若是查找的键key小于根结点的key，说明咱们要查找的键若是存在的话确定在左子树，由于左子树中的结点都要小于根结点，接下来咱们继续递归遍历左子树。
若是要查找的键key大于根结点的key，说明咱们要查找的键若是存在的话确定在右子树中，由于右子树中的结点都要大于根节点，接下来咱们继续递归遍历右子树。
若是要查找的键key等于根结点的key，那么咱们就直接返回根结点的val。

上面的操做咱们利用递归能够很是容易的实现，代码以下：数据结构

/**
 * Returns the value associated with the given key.
 *
 * @param  key the key
 * @return the value associated with the given key if the key is in the symbol table
 *         and null if the key is not in the symbol table
 * @throws IllegalArgumentException if key is null
 */
public Value get(Key key) {
    if(key == null) {
        throw new IllegalArgumentException("first argument to put() is null");
    } else {
        return get(root, key);
    }
}

private Value get(Node x, Key key) {
    if(x == null) {
        return null;
    } else {
        int cmp = key.compareTo(x.key);
        if(cmp < 0) {
            return get(x.left, key);
        } else if(cmp > 0) {
            return get(x.right, key);
        } else {
            return x.val;
        }
    }
}

插入操做

若是理解了上面的查找操做，插入操做其实也很好理解，咱们首先要找到咱们新插入结点的位置，其思想和查找操做同样。找到插入的位置后咱们就将新结点插入二叉树。只是这里还要加一个步骤：更新结点的size，由于咱们刚刚新插入告终点，该结点的父节点，父节点的父节点的size都要加一。less

插入操做的实现一样有多种实现方法，可是递归的实现应该是最为清晰的。下面的代码的思想和get基本相似，只是多了x.N = size(x.left) + size(x.right) + 1;这一步骤用来更新结点的size大小。学习

/**
 * Inserts the specified key-value pair into the symbol table, overwriting the old
 * value with the new value if the symbol table already contains the specified key.
 * Deletes the specified key (and its associated value) from this symbol table
 * if the specified value is null.
 *
 * @param  key the key
 * @param  val the value
 * @throws IllegalArgumentException if key is null
 */
public void put(Key key, Value val) {
    if(key == null) {
        throw new IllegalArgumentException("first argument to put() is null");
    }
    if(val == null) {
        delete(key);
        return;
    }
    root = put(root, key, val);
    // assert check(); // Check integrity of BST data structure.
}

private Node put(Node x, Key key, Value val) {
    if(x == null) {
        return new Node(key, val, 1);
    } else {
        int cmp = key.compareTo(x.key);
        if(cmp < 0) {
            x.left = put(x.left, key, val)
        } else if(cmp > 0) {
            x.right = put(x.right, key, val);
        } else {
            x.val = val;
        }
        // reset links and increment counts on the way up
        x.size = size(x.left) + size(x.right) + 1;
        return x;
    }
}

select与rank的实现

select的实现

上面咱们的get()操做是经过指定的key去在二叉查找树中查询其关联的结点，二叉查找树的另一个优势就是它能够必定程度上保证数据的有序性，因此咱们能够较高效的去查询第n小的数据。
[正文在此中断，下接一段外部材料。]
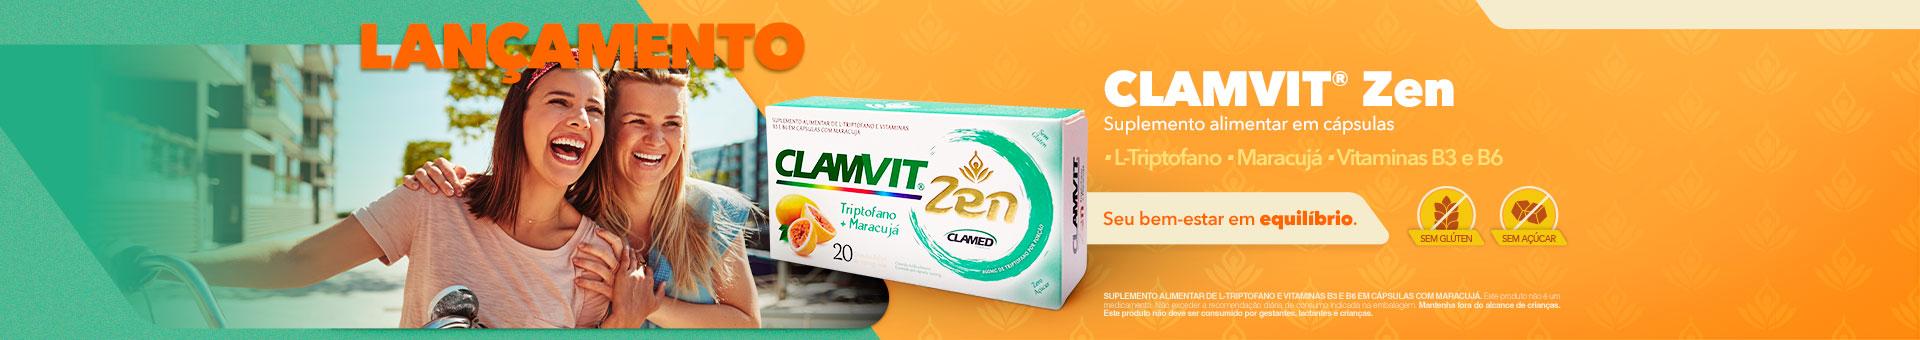 Banner Clamvit Zen Desktop
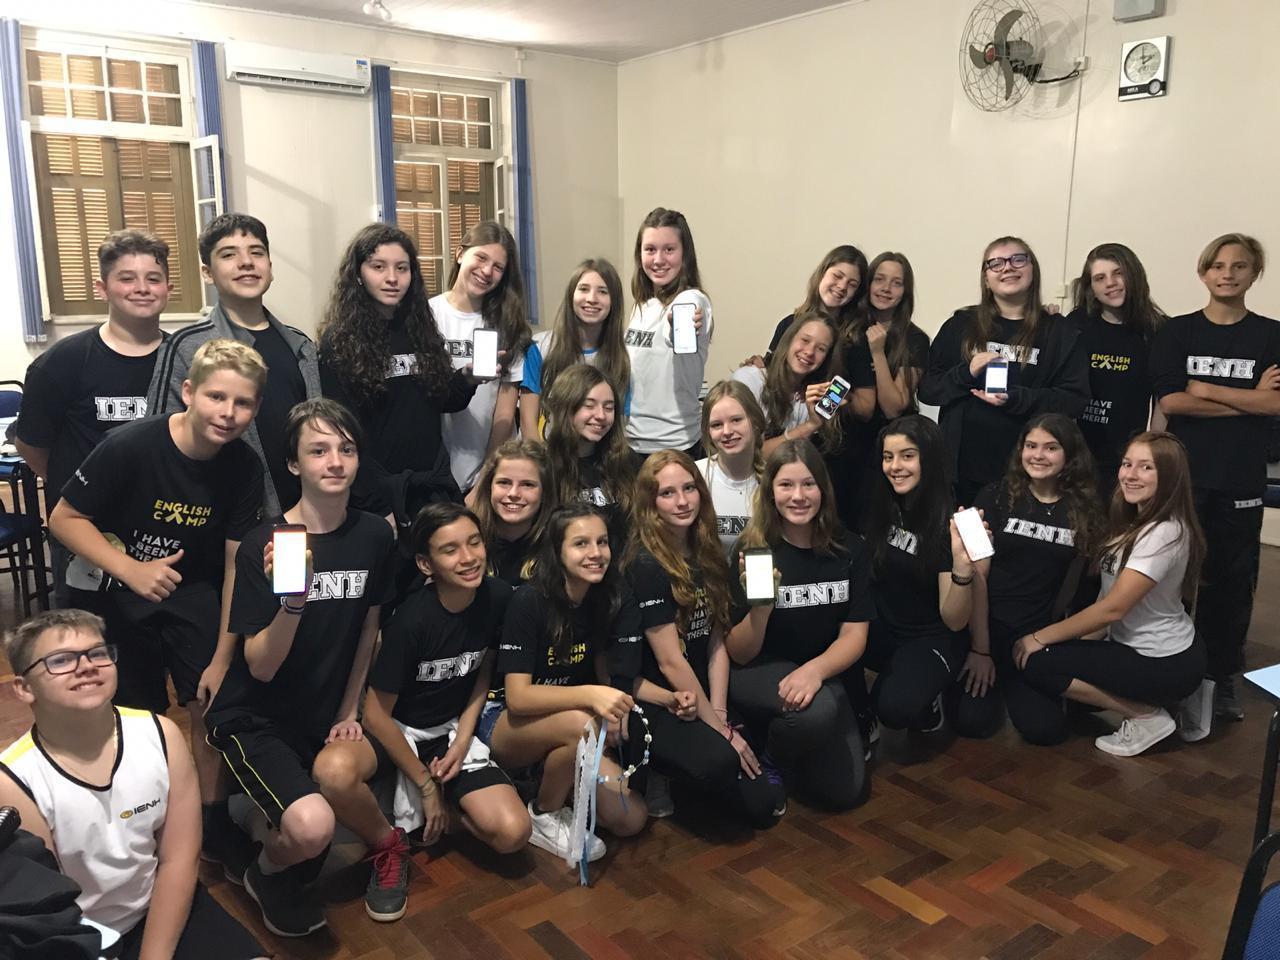 Estudantes promovem campanha sobre consciência ambiental

this

首先咱们来思考一个问题：怎么知道一个二叉查找树中小于指定结点的子结点的个数？这一点根据二叉查找树的性质-左子树中的结点都要小于根结点很容易实现，咱们只须要统计左子树的大小就好了。结合下面这幅图，以查找二叉树第4小的结点咱们来看一下select操做的具体流程。spa

依次遍历二叉树，咱们来到了图2中的E结点，E结点的左子树有2个结点，它是二叉树中第3小的结点，因此咱们能够判断出要查找的结点确定在E结点的右子树中。因为咱们要查找第4小的结点，而E又是二叉树中第3小的结点，因此咱们要查找的这个结点接下来确定要知足一个特征：E的右子树中只有0个比它更小的结点，即右子树中最小的结点H。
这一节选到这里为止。